Anchoring of Histidine‐Tagged Proteins to Molecular Printboards: Self‐assembly, Thermodynamic Modeling, and Patterning

In this paper the multivalent binding of hexahistidine (His 6 )‐tagged proteins to β‐cyclodextrin (β‐CD) self‐assembled monolayers (SAMs) by using the nickel(II) complex of a hetero‐divalent orthogonal adamantyl nitrilotriacetate linker ( 4 ) is described. Nonspecific interactions were suppressed by using monovalent adamantyl‐hexa(ethylene glycol) derivative 3 . With the mono‐His 6 ‐tagged maltose binding protein (His 6 ‐MBP), thermodynamic modeling based on surface plasmon resonance (SPR) titration data showed that the MBP molecules in solution were linked, on average, to Ni ⋅4 in 1:1 stoichiometry. On the surface, however, the majority of His 6 ‐MBP was complexed to surface‐immobilized β‐CDs through three Ni ⋅4 complexes. This difference is explained by the high effective β‐CD concentration at the surface and is a new example of supramolecular interfacial expression.
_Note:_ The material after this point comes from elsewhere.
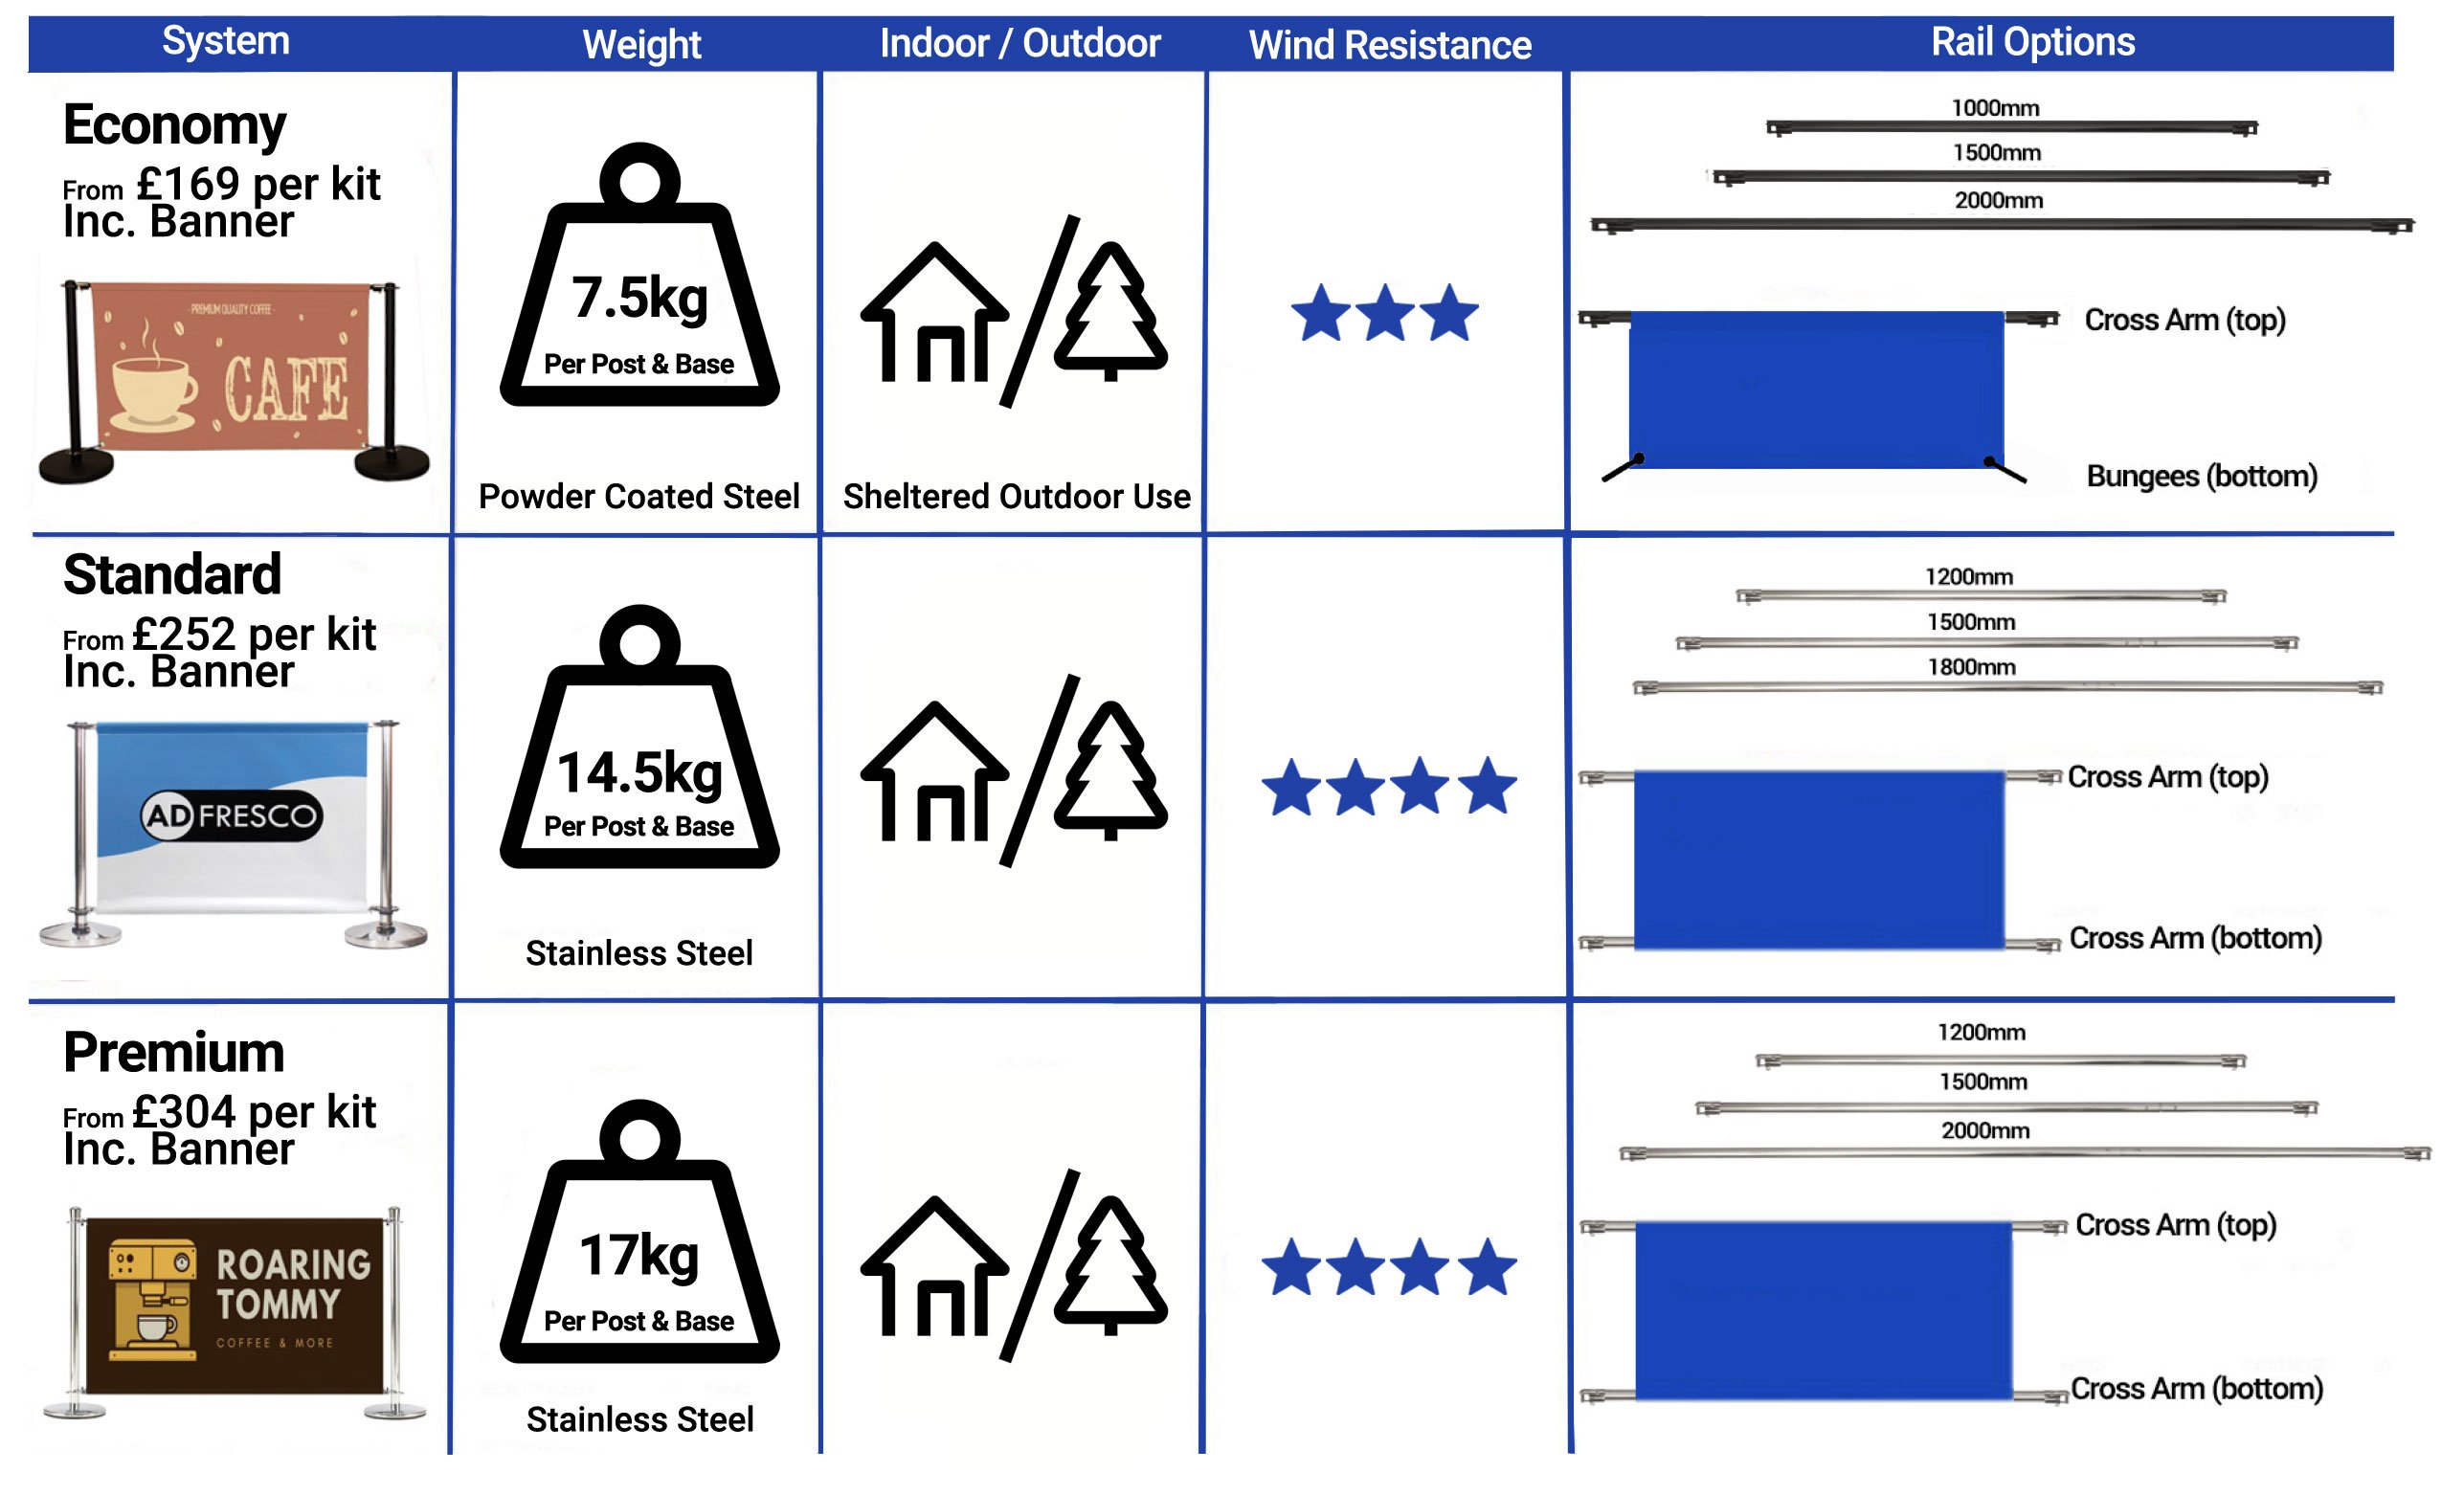 Comparative analysis of cafe barrier features for informed decisions

In a similar adsorption scheme, SPR proved that the α‐proteasome could be attached to β‐CD SAMs in a specific manner. Patterning through microcontact printing of (His 6 ) 4 ‐DsRed‐fluorescent timer (DsRed‐FT), which is a tetrameric, visible autofluorescent protein, was carried out in the presence of Ni ⋅4 . Fluorescence measurements showed that the (His 6 ) 4 ‐DsRed‐FT is bound strongly through Ni ⋅4 to the molecular printboard.